→ **Instructions for the task**
Write out again, word for word, the lines below from the line that holds "Vaksin Kanker Serviks" through the line that holds "Adattatore filtro Vixen", omitting pictures.

→ **Data provided**
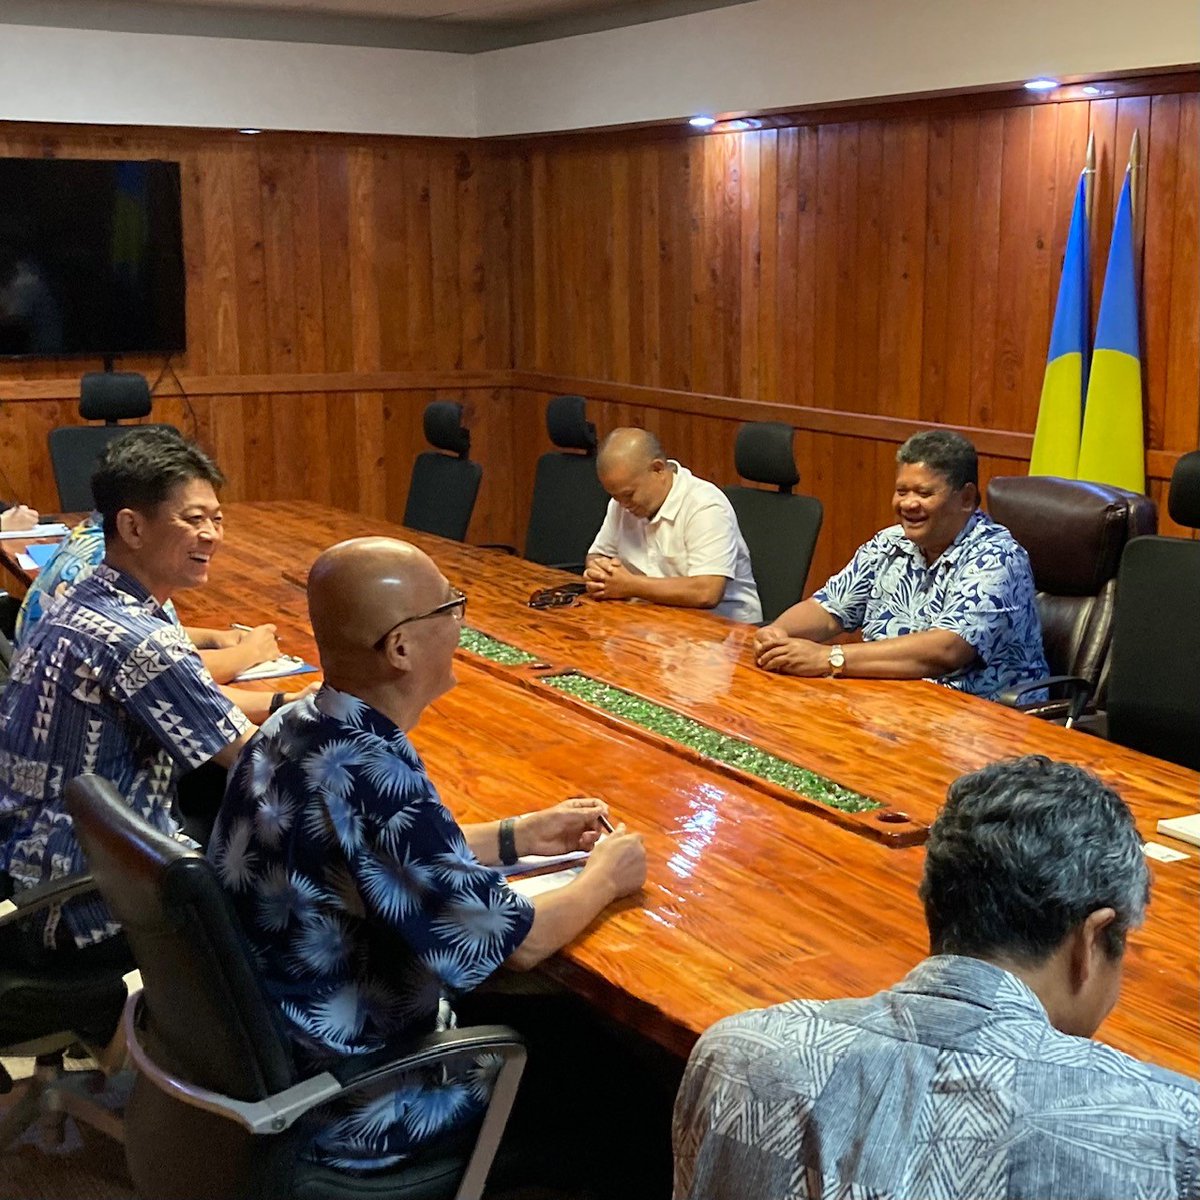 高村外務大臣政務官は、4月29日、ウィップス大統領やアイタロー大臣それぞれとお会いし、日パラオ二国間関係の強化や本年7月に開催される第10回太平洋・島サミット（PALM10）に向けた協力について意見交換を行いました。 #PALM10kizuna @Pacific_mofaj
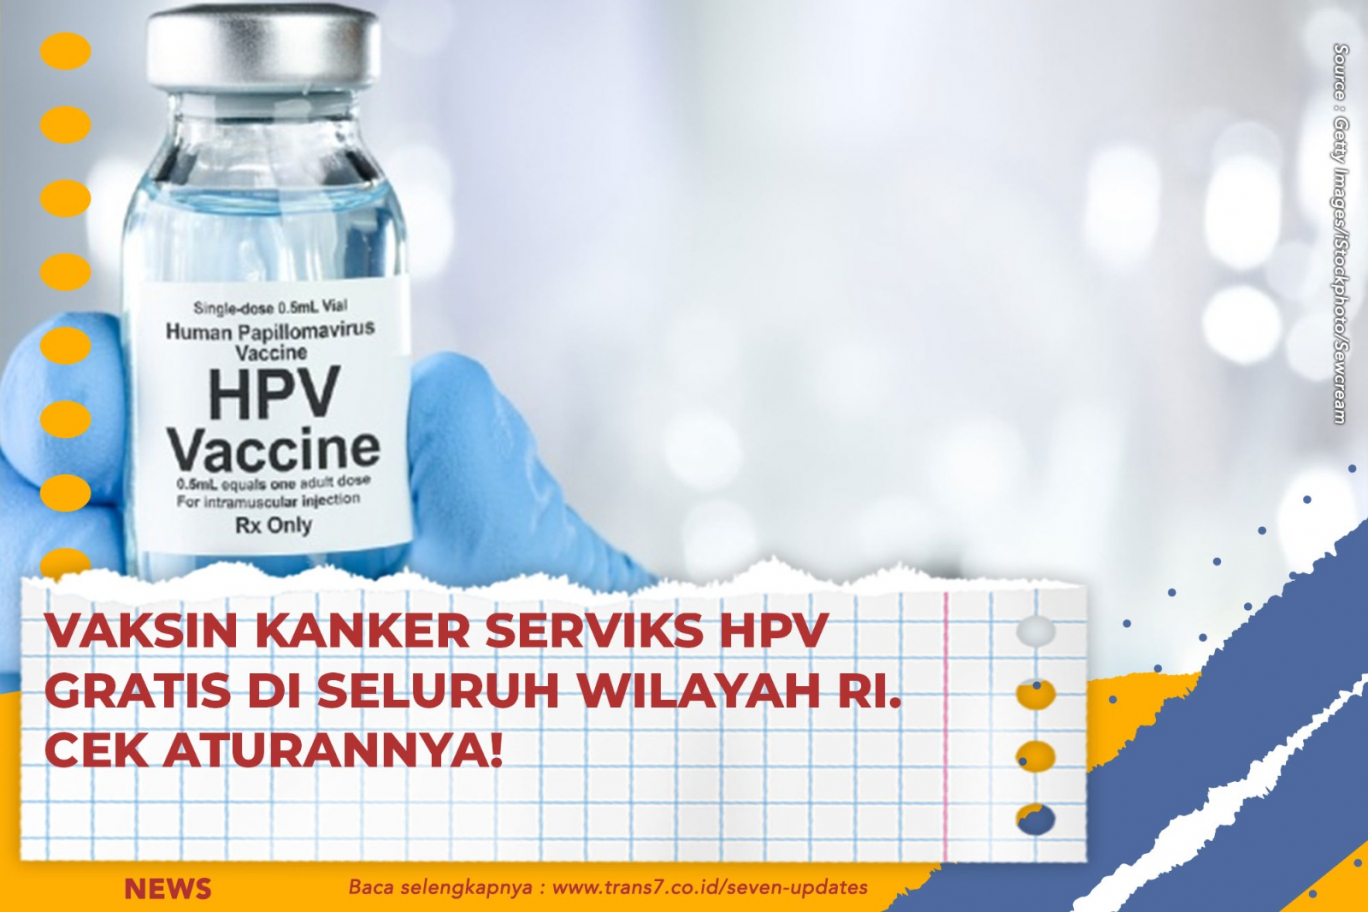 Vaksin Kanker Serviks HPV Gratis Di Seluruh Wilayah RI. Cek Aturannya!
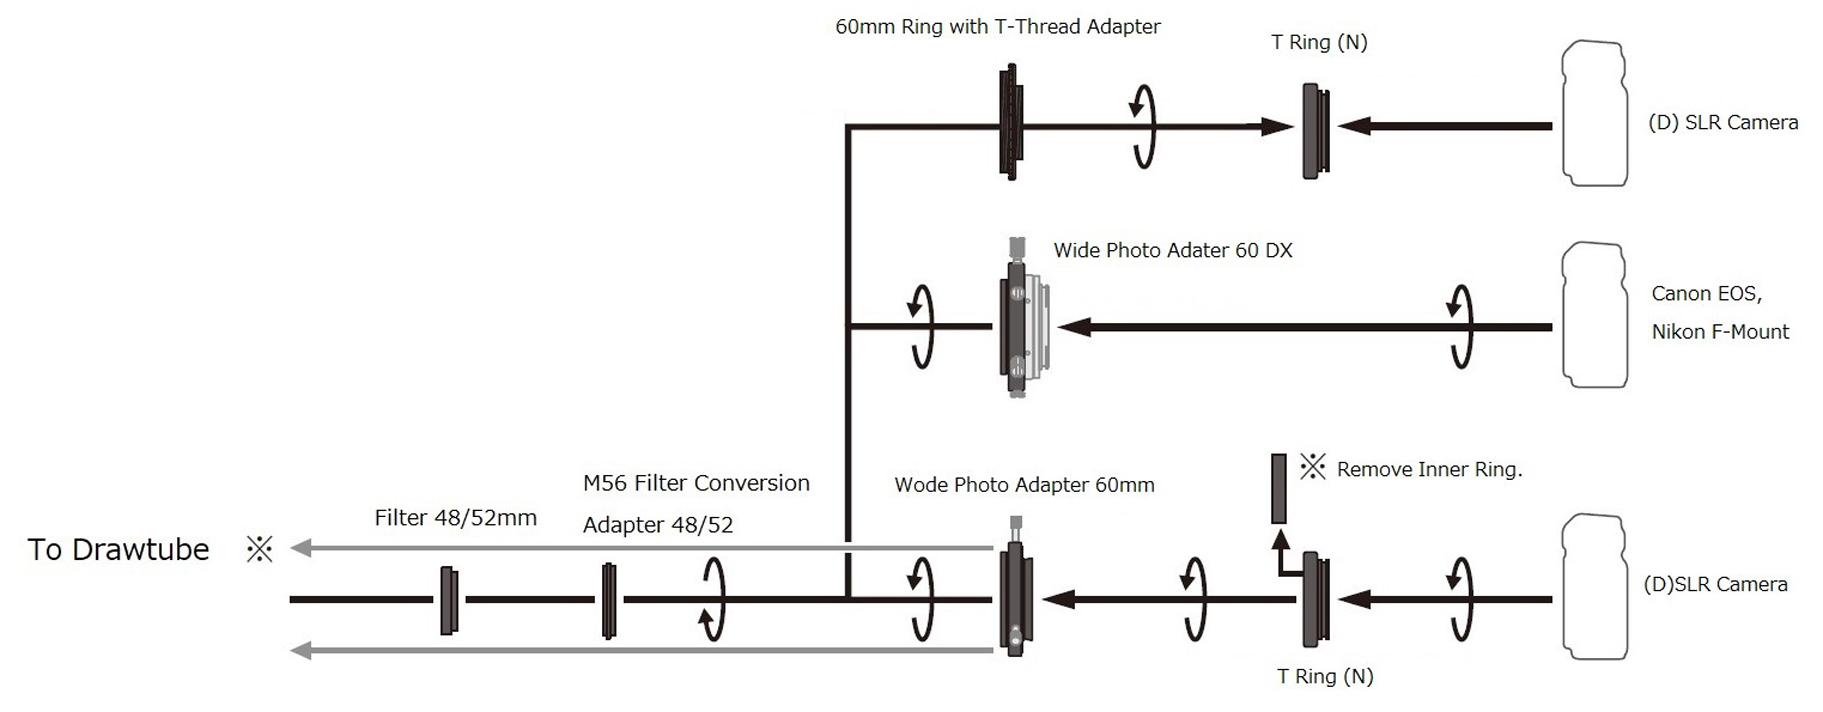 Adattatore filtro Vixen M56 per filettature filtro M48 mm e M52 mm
...
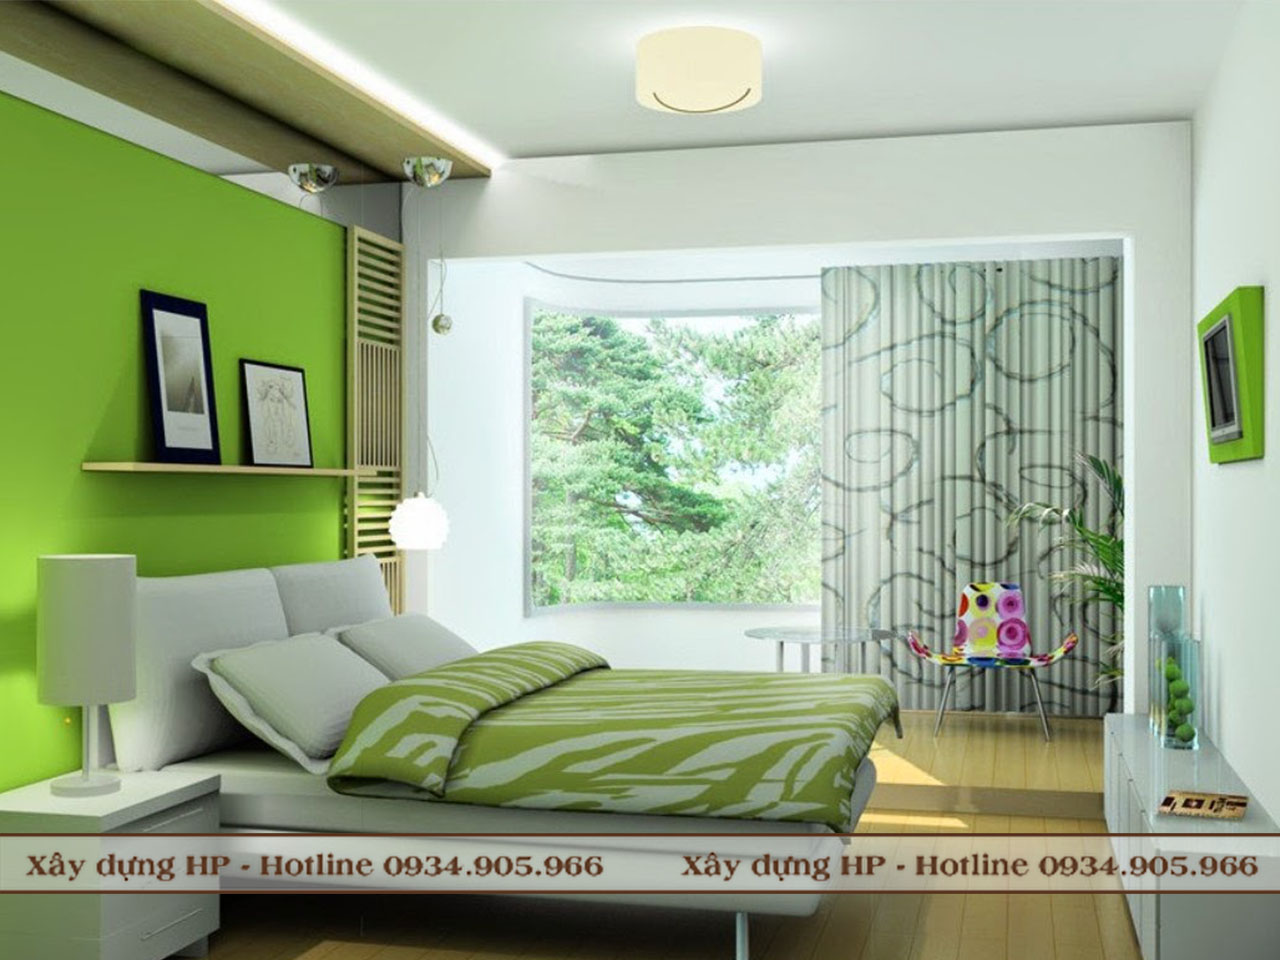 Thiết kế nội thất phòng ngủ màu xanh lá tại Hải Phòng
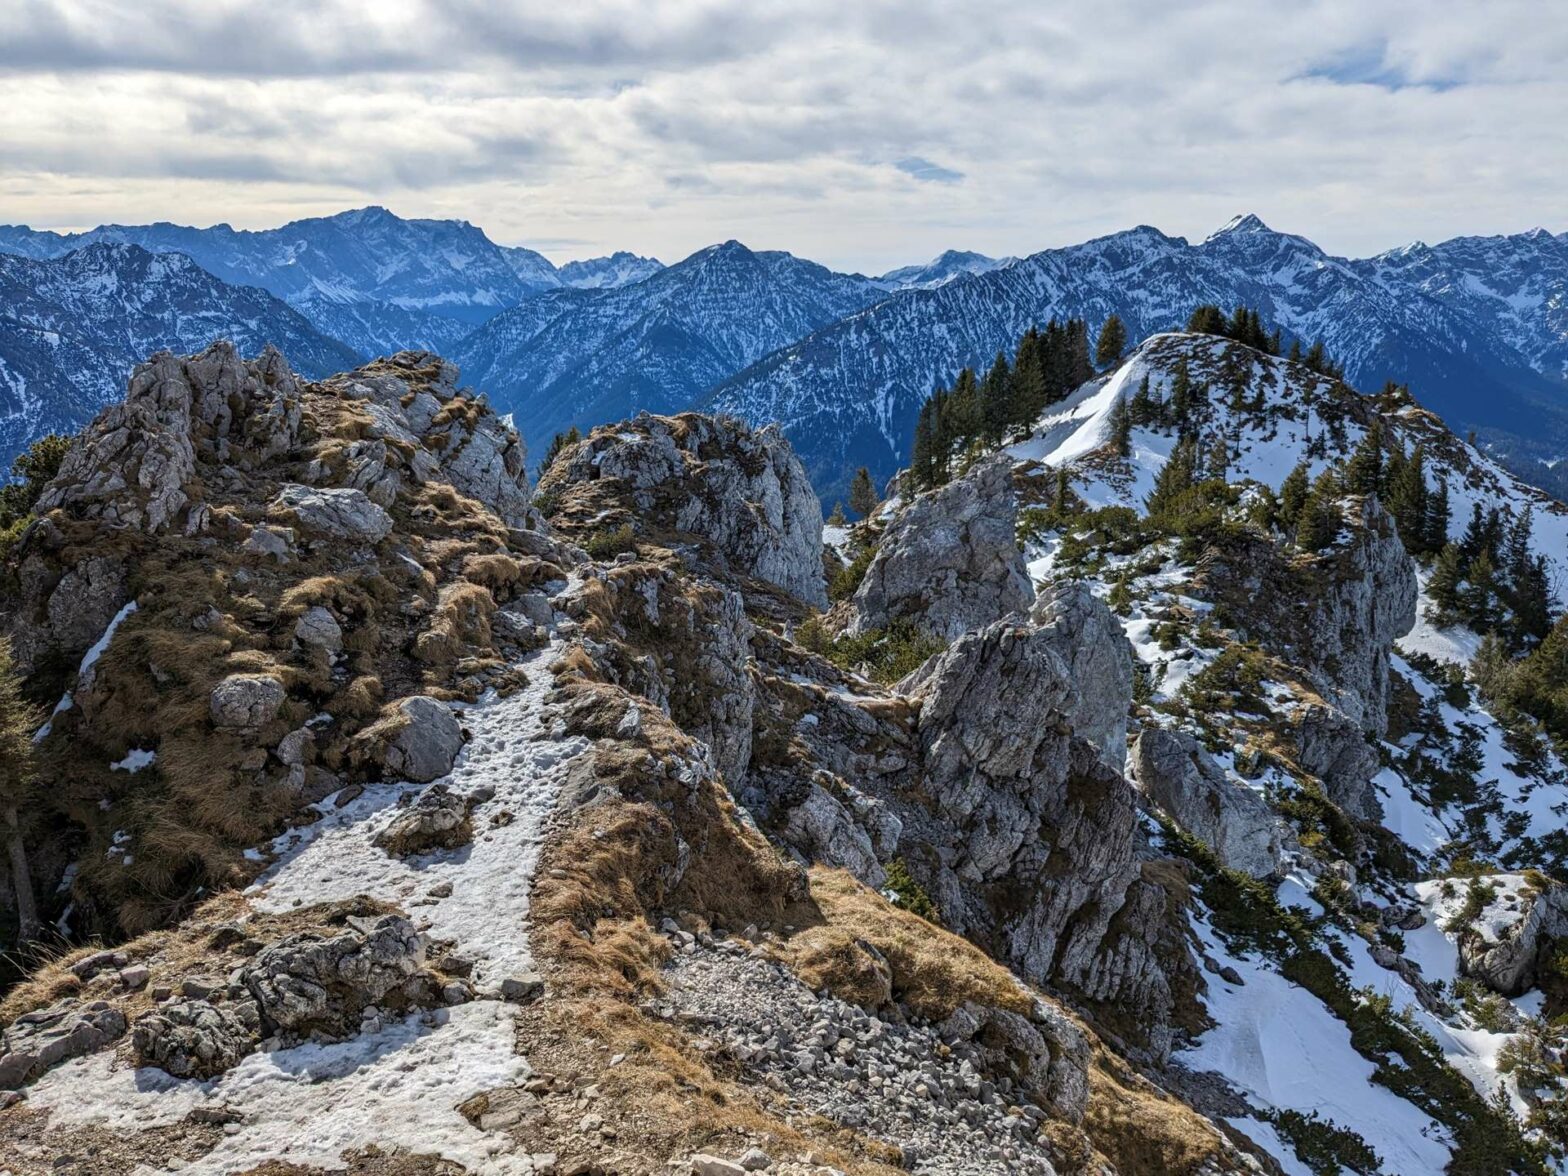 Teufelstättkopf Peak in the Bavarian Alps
* * *
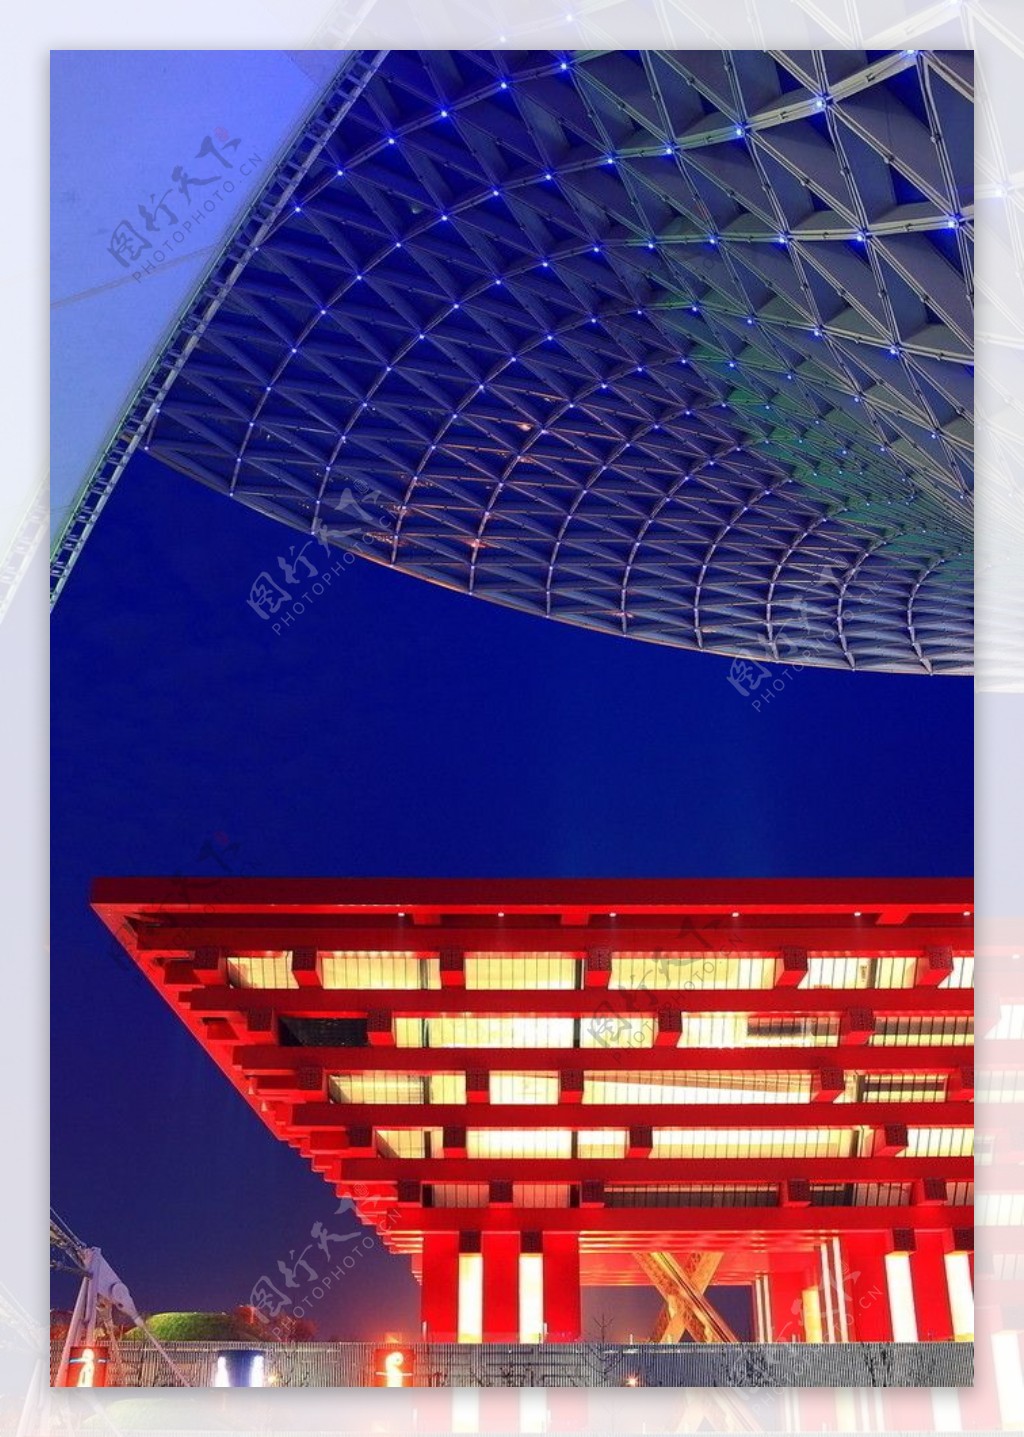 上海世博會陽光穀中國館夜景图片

→ **Task result**
 Vaksin Kanker Serviks HPV Gratis Di Seluruh Wilayah RI. Cek Aturannya!
 Adattatore filtro Vixen M56 per filettature filtro M48 mm e M52 mm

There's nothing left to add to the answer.